Chavez Supporters Pull Down Statue of Columbus
CARACAS, Venezuela (Reuters) – Supporters of Venezuelan President Hugo Chavez celebrated Columbus Day on Tuesday by toppling a statue in Caracas of the explorer whom Chavez blames for ushering in a “genocide” of native Indians.
Police firing tear gas later recovered parts of the broken bronze image, which was dragged by the protesters to a theater where the Venezuelan leader was due to speak.
Two years ago, Chavez rechristened the Oct. 12 holiday — commemorated widely in the Americas to mark Christopher Columbus’ 1492 landing in the New World — “Indian Resistance Day.”

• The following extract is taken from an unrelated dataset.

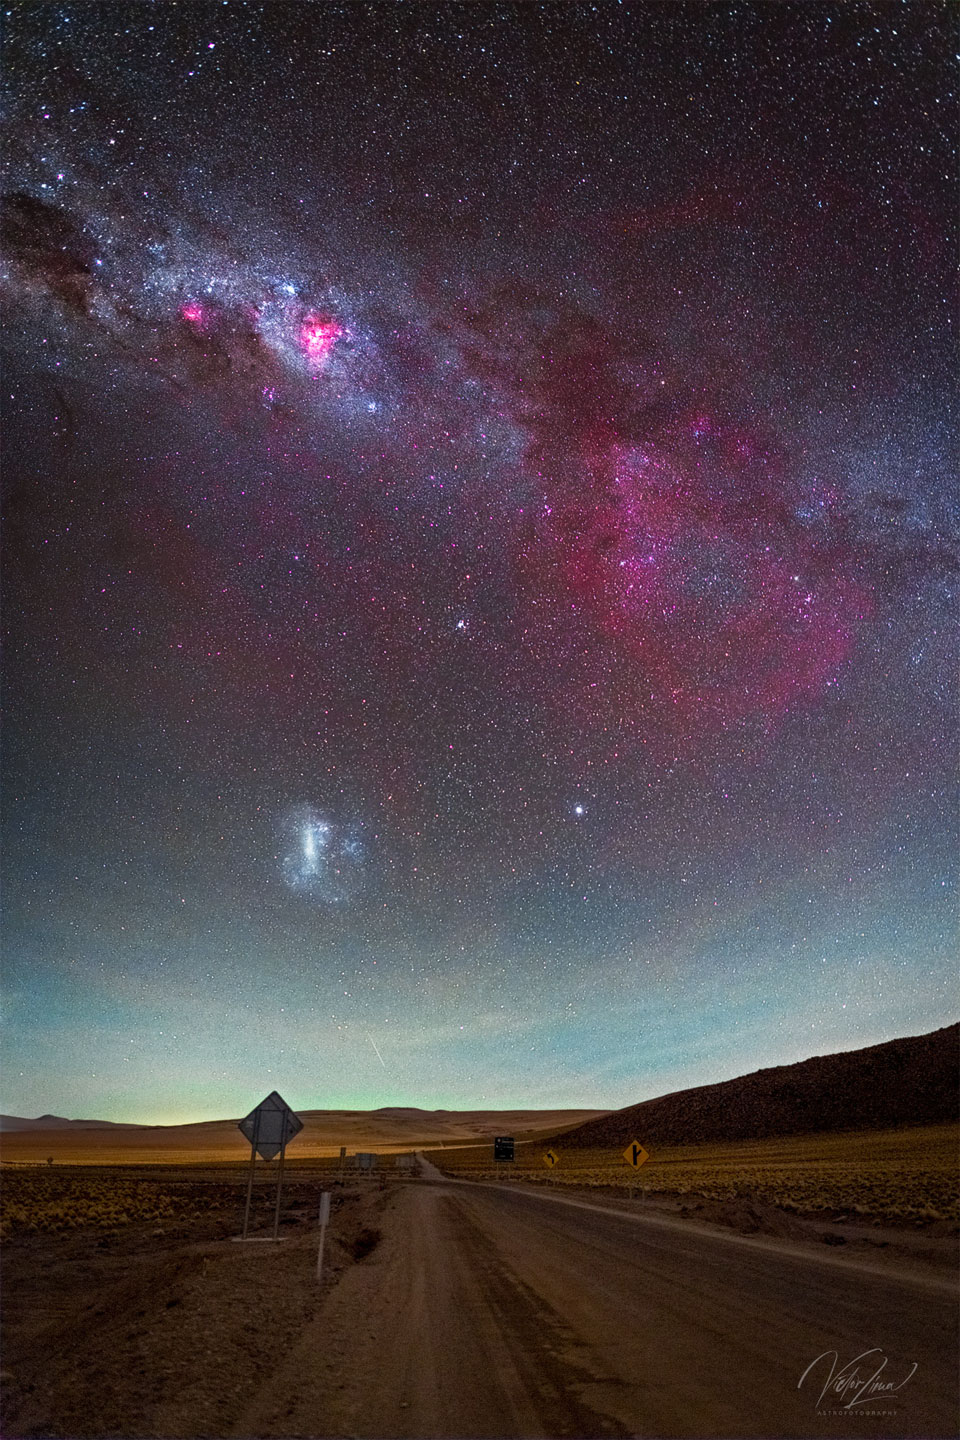 这张特色图片展示了一个宏伟的天空景观，前景是一条棕色的沙漠道路，天空包含了银河系的星系带，在右侧有一个大的红色辉光，这是昏暗的甘姆星云。LMC星系也可见。有关更多详细信息，请参阅说明。
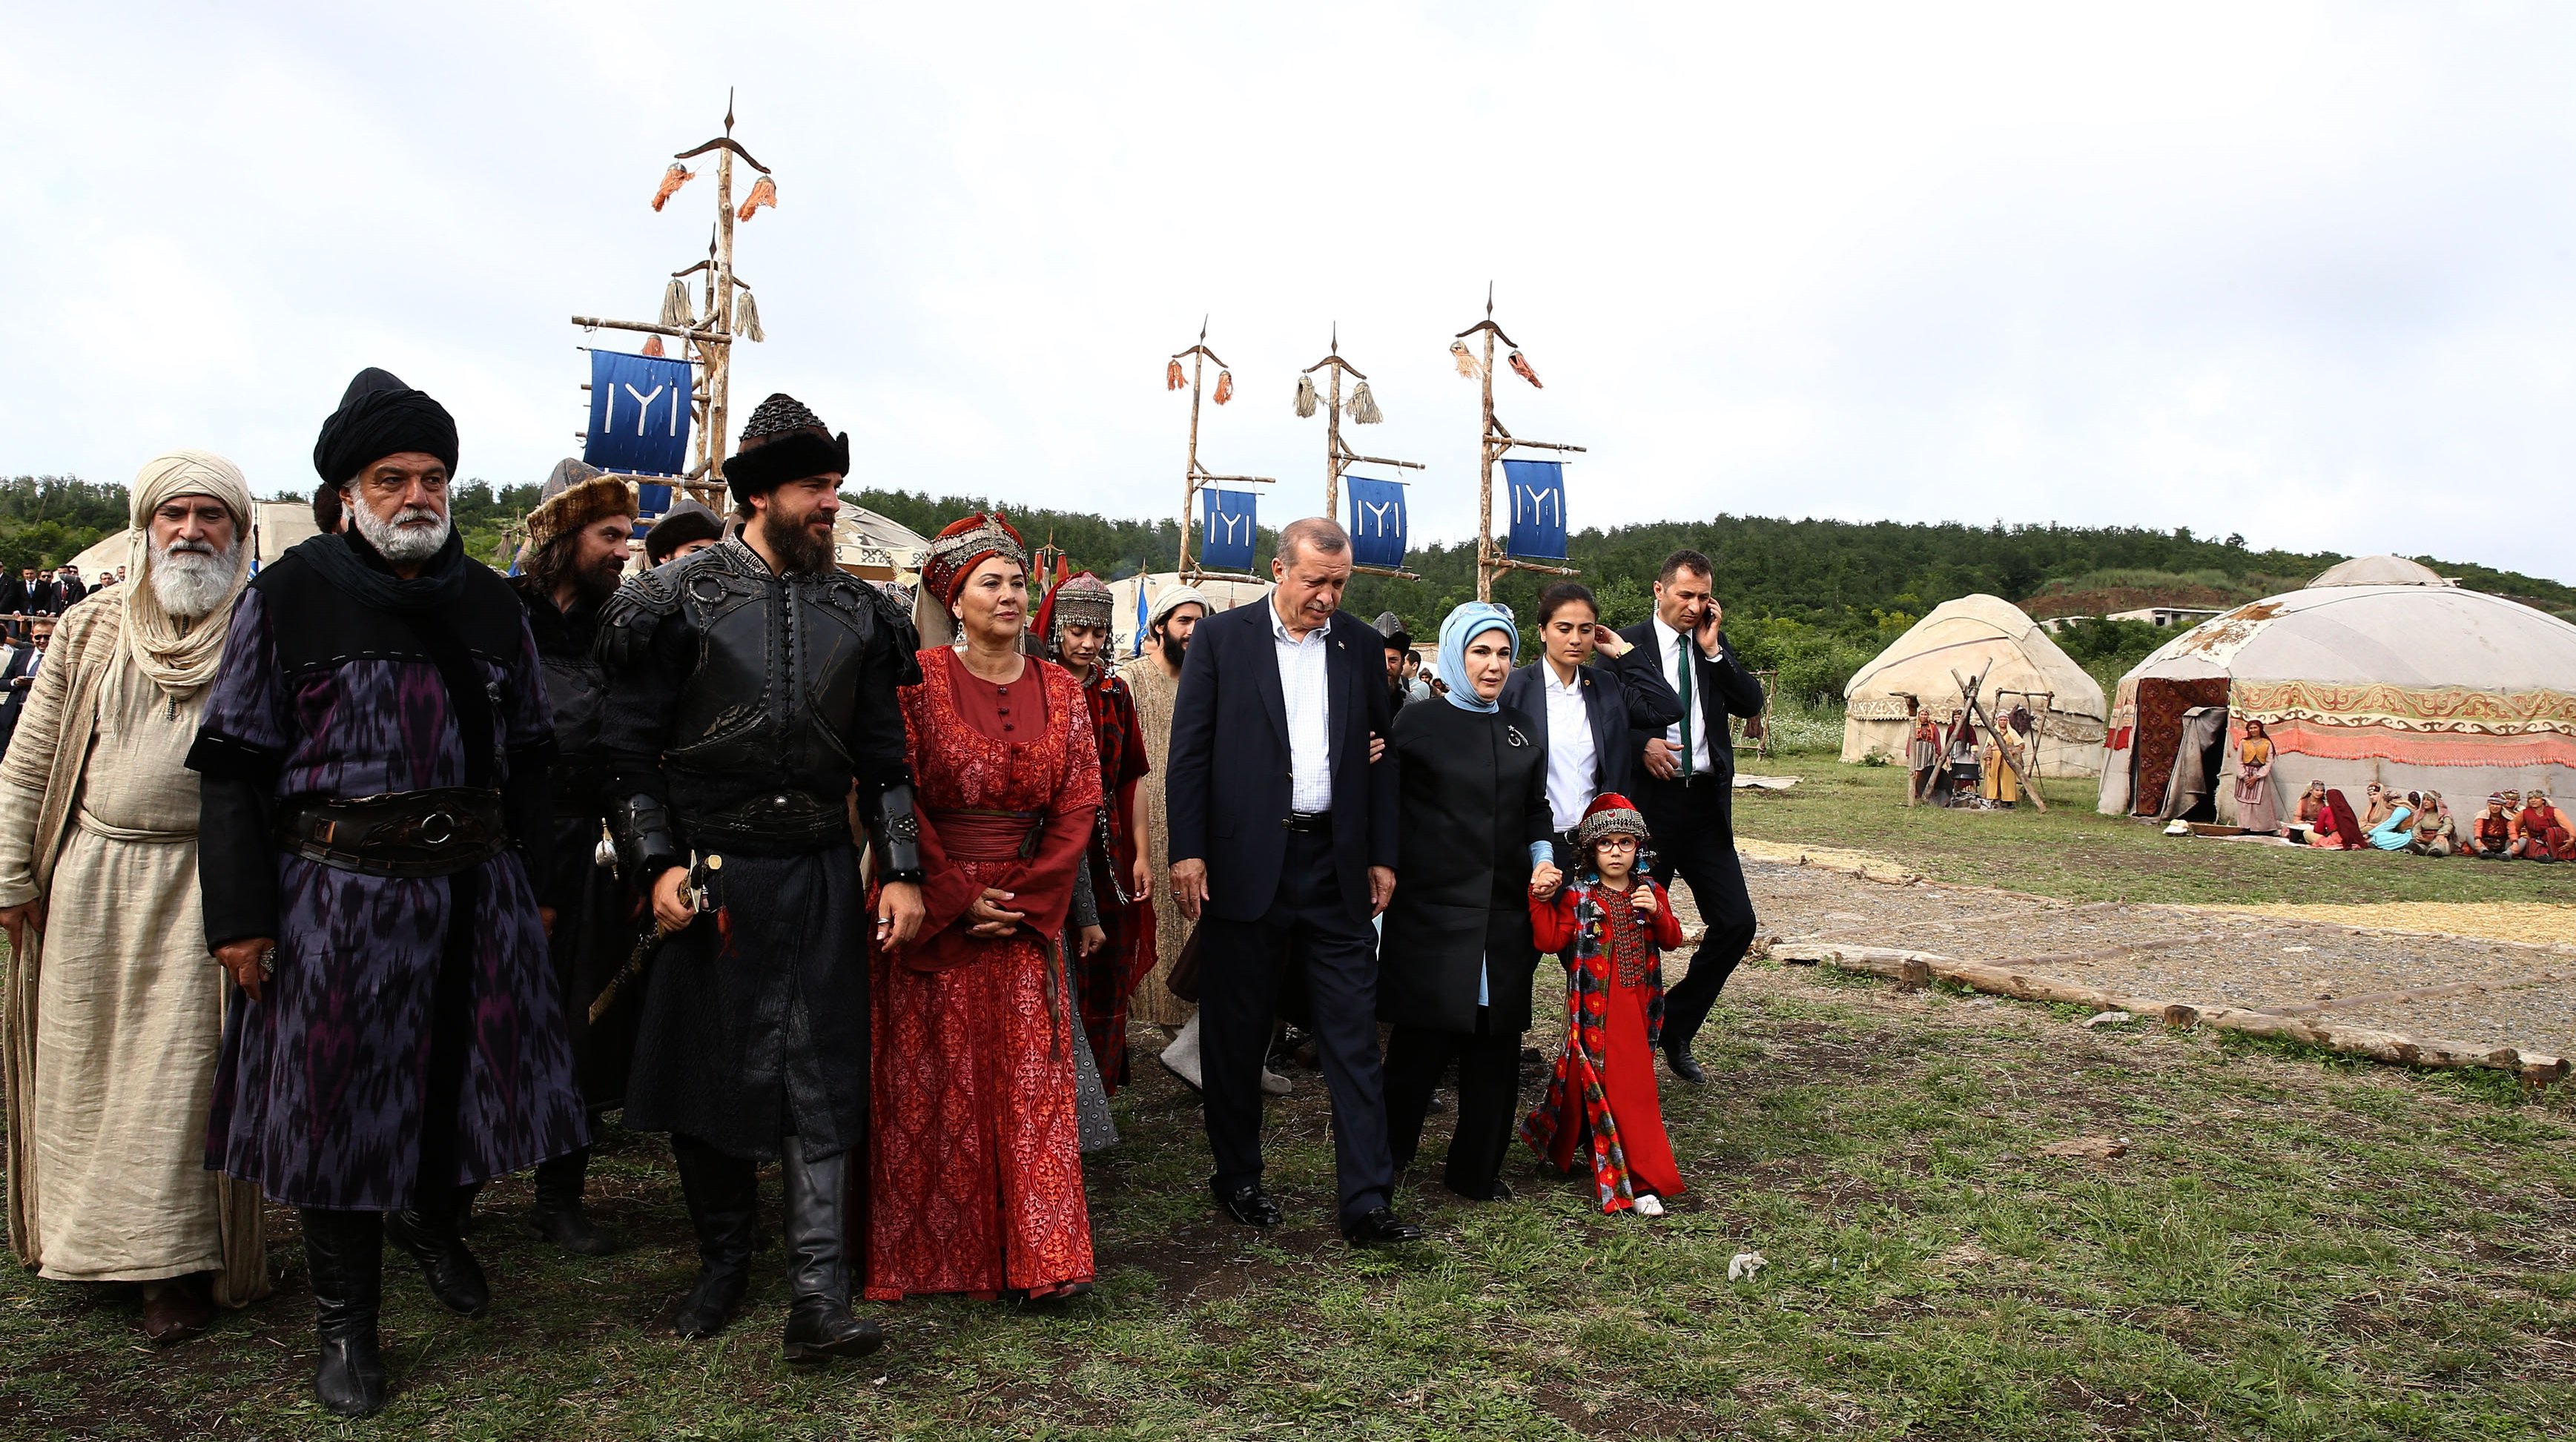 الرئيس أردوغان يُدلي برأيه في مسلسل "قيامة أرطغرل" التاريخي التركي

The new name honored Indians killed by Spanish and other foreign conquerors following in the wake of the Italian-born Columbus who sailed in the service of the Spanish crown.
As the left-wing nationalist president led celebrations on Tuesday to honor Indian chiefs who resisted the Spanish conquest, a group of his supporters conducted a mock trial of a statue of Columbus in central Caracas.
They declared the image guilty of “imperialist genocide,” looped ropes around its outstretched arm and neck and heaved it down from its marble base. No police or other authorities intervened as the protesters drove off in a truck yelling, “We’ve killed Columbus!”
“This isn’t a historical heritage. … Columbus is the symbol of a conquest that was a globalization by blood and fire, a cultural massacre,” said Vitelio Herrera, a philosophy student at Venezuela’s Central University.
Outside the Teresa Carreno theater, the protesters hung the statue from a tree and then let it fall to the ground. Police arrested several of them.
Chavez has called Latin America’s Spanish and Portuguese conquerors “worse than Hitler” and the precursors of modern-day “imperialism” he says is now embodied by the United States, the biggest buyer of his country’s oil.
The base of the toppled statue was daubed with slogans such as “Columbus – Bush. Out!”